Can you please track down or guess the root cause of this behaviour ?
So that Red Hat can back port the relevant changes between Kernel 4.18 and 5.8 … in order to enable their distribution as platform for AI workloads with NVIDIA GPUs.
[root@otto ~]# uname -a
Linux otto 5.10.3-1.el8.elrepo.x86_64 #1 SMP Wed Dec 23 13:25:00 EST 2020 x86_64 x86_64 x86_64 GNU/Linux
[root@otto ~]# nvidia-smi
Tue Dec 29 10:48:32 2020
±----------------------------------------------------------------------------+
| NVIDIA-SMI 460.27.04 Driver Version: 460.27.04 CUDA Version: 11.2 |
|-------------------------------±---------------------±---------------------+
| GPU Name Persistence-M| Bus-Id Disp.A | Volatile Uncorr. ECC |
| Fan Temp Perf Pwr:Usage/Cap| Memory-Usage | GPU-Util Compute M. |
| | | MIG M. |
|===============================+======================+======================|
| 0 GeForce GTX 165… Off | 00000000:01:00.0 Off | N/A |
(…)
I hardly see switching kernel to out of distro kernel a solution. Rather a temporary workaround, I wish. I have similar forum posting about rhel, and was kindly guided here.

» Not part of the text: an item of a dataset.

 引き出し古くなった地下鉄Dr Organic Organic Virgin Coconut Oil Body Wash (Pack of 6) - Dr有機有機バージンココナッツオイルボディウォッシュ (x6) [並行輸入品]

Did you ever find real root cause and fix for this? Sounds to me like kernel would have improved protection of overallocating PCI address space, and thus won’t allow driver to go forward. Could it be the reason?
I agree, switching to an 5.10.3 elrepo Kernel is a temporary workaround, not a solution.

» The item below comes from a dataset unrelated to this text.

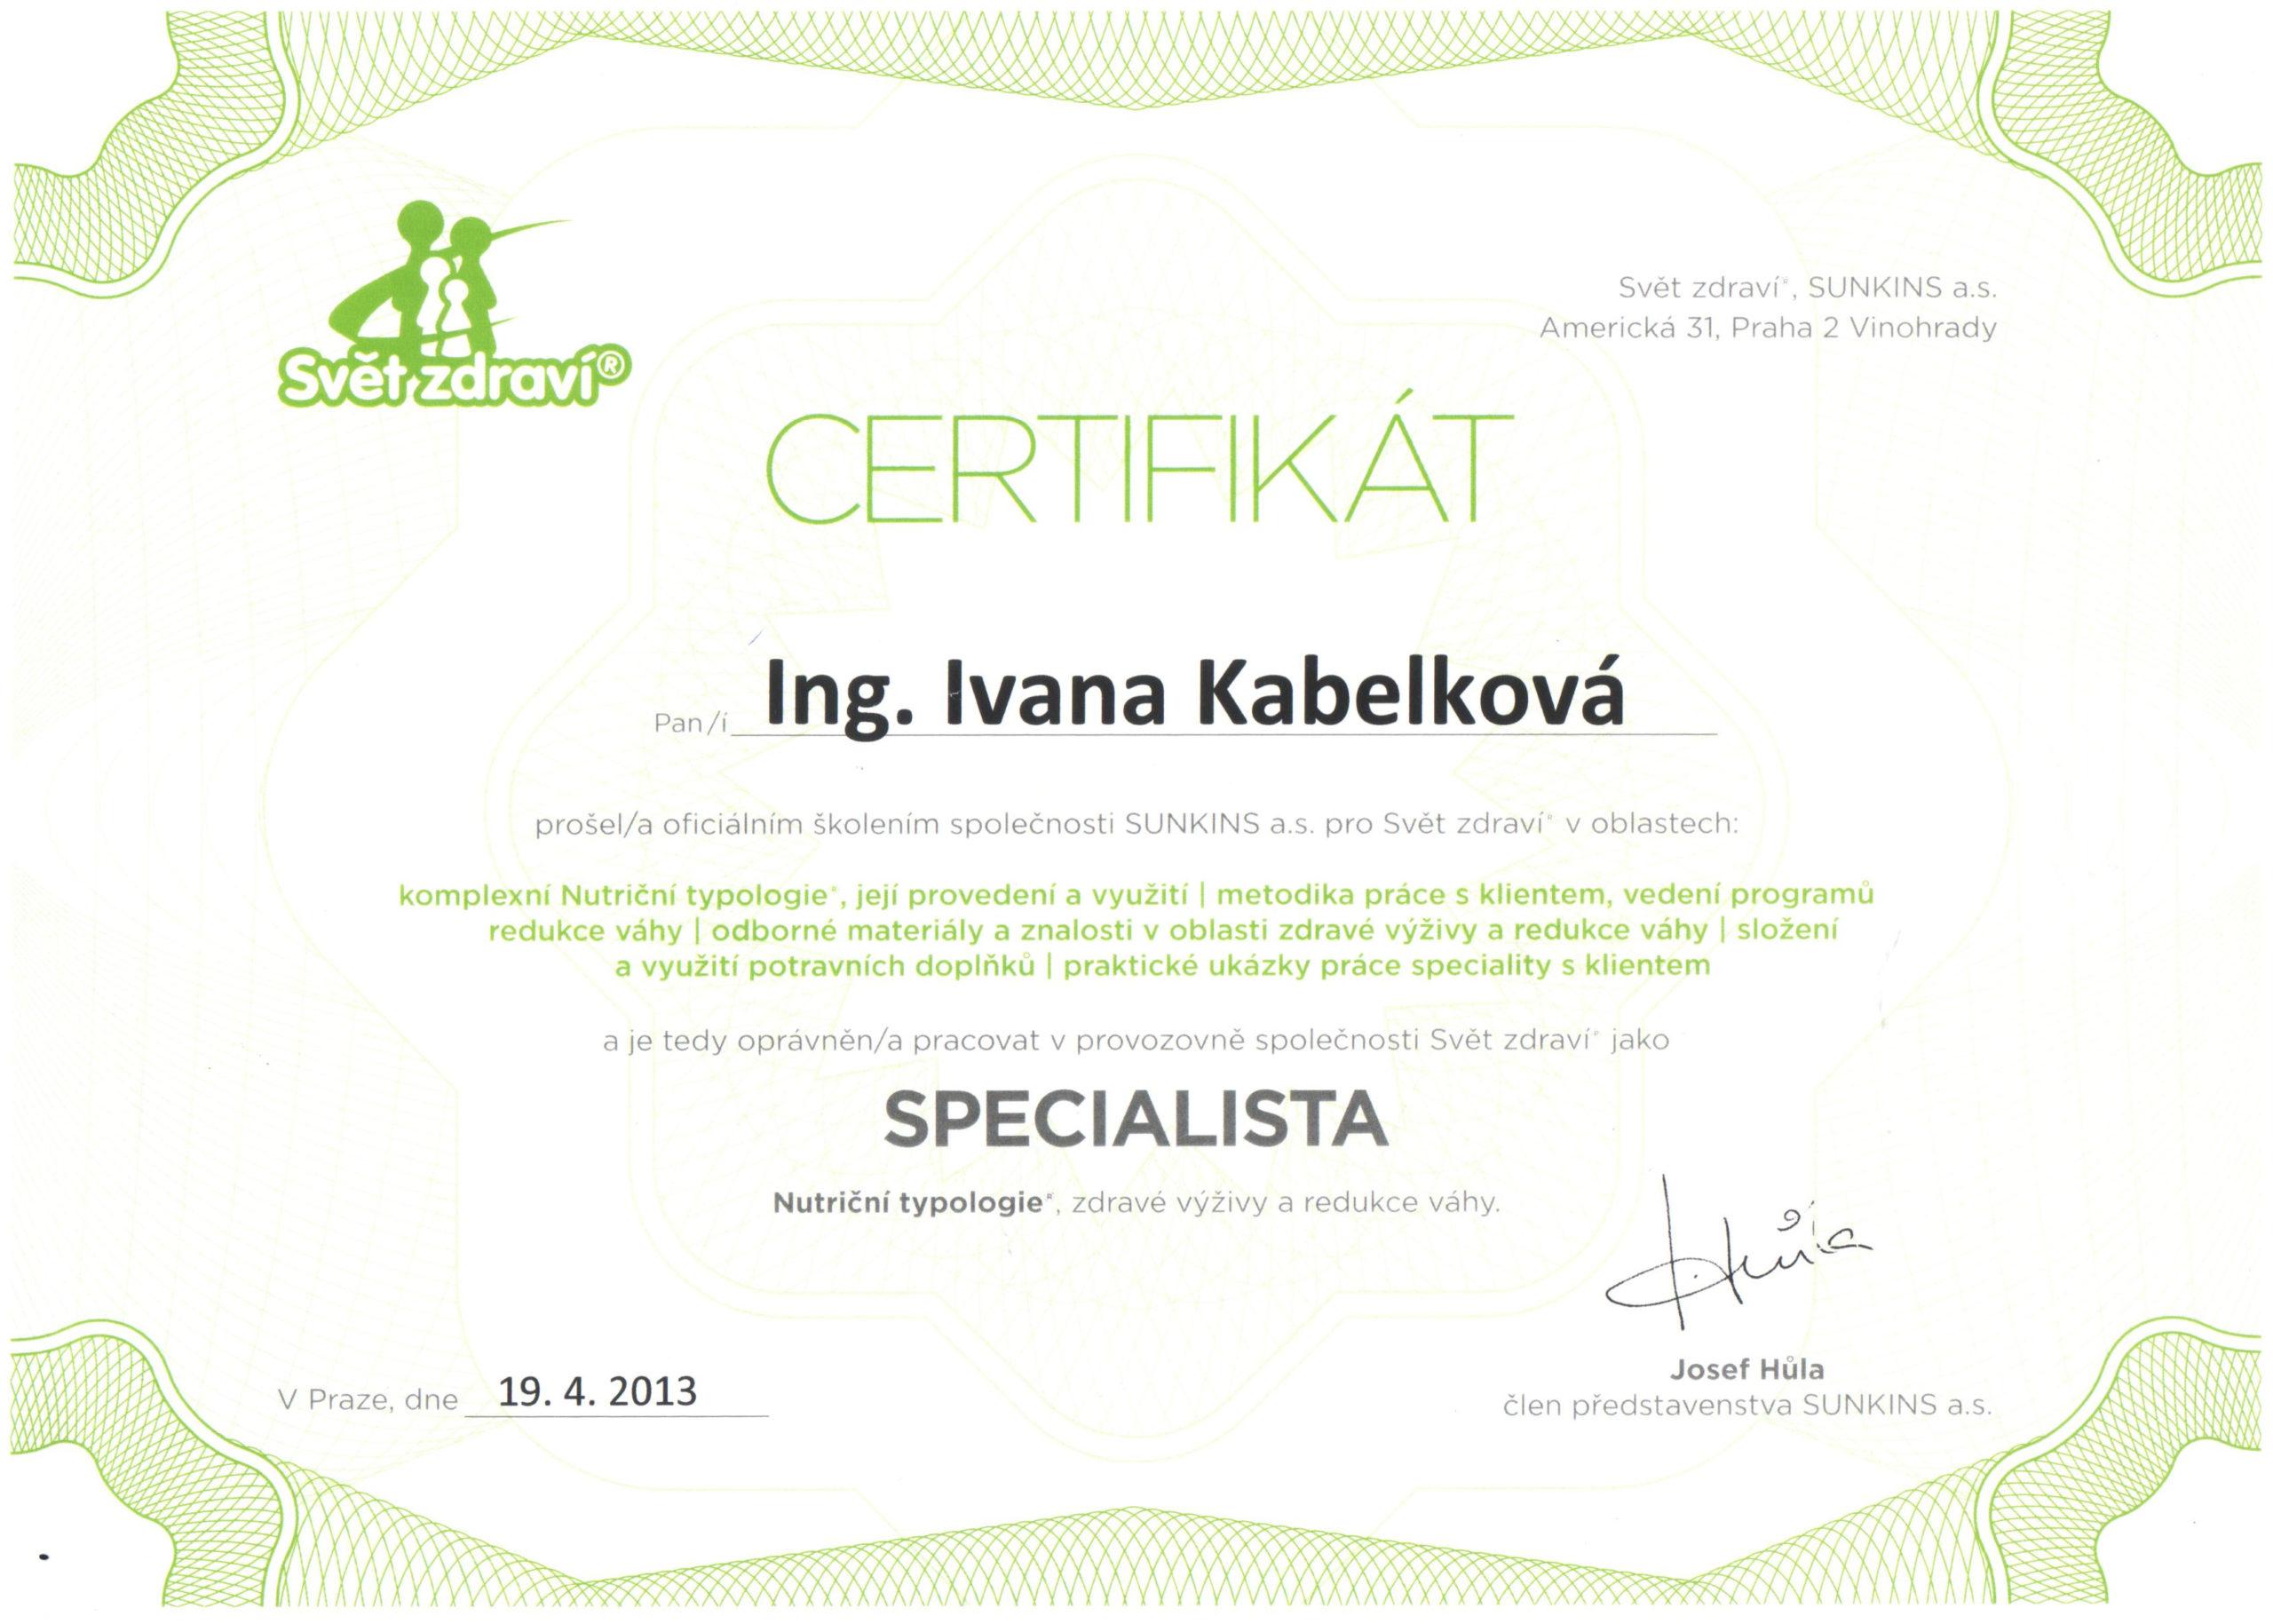 Certifikát - Specialista nutriční typologie

Unfortunately finding the real root cause is beyond my capabilities. I also did not find the time yet to open a bug report towards RHEL/CentOS 8.3. But, I will try this week the combination of Kernel 4.18.0-240.1.1 and Nvidia Driver 460.32.03
The “resource sanity check” message is just a symptom, very common. From observation, it’s always displayed when the nvidia driver resets the gpu.
driver can’t communicate with the gpu (RmInitAdapter failed) and resets it (resource message), in a loop.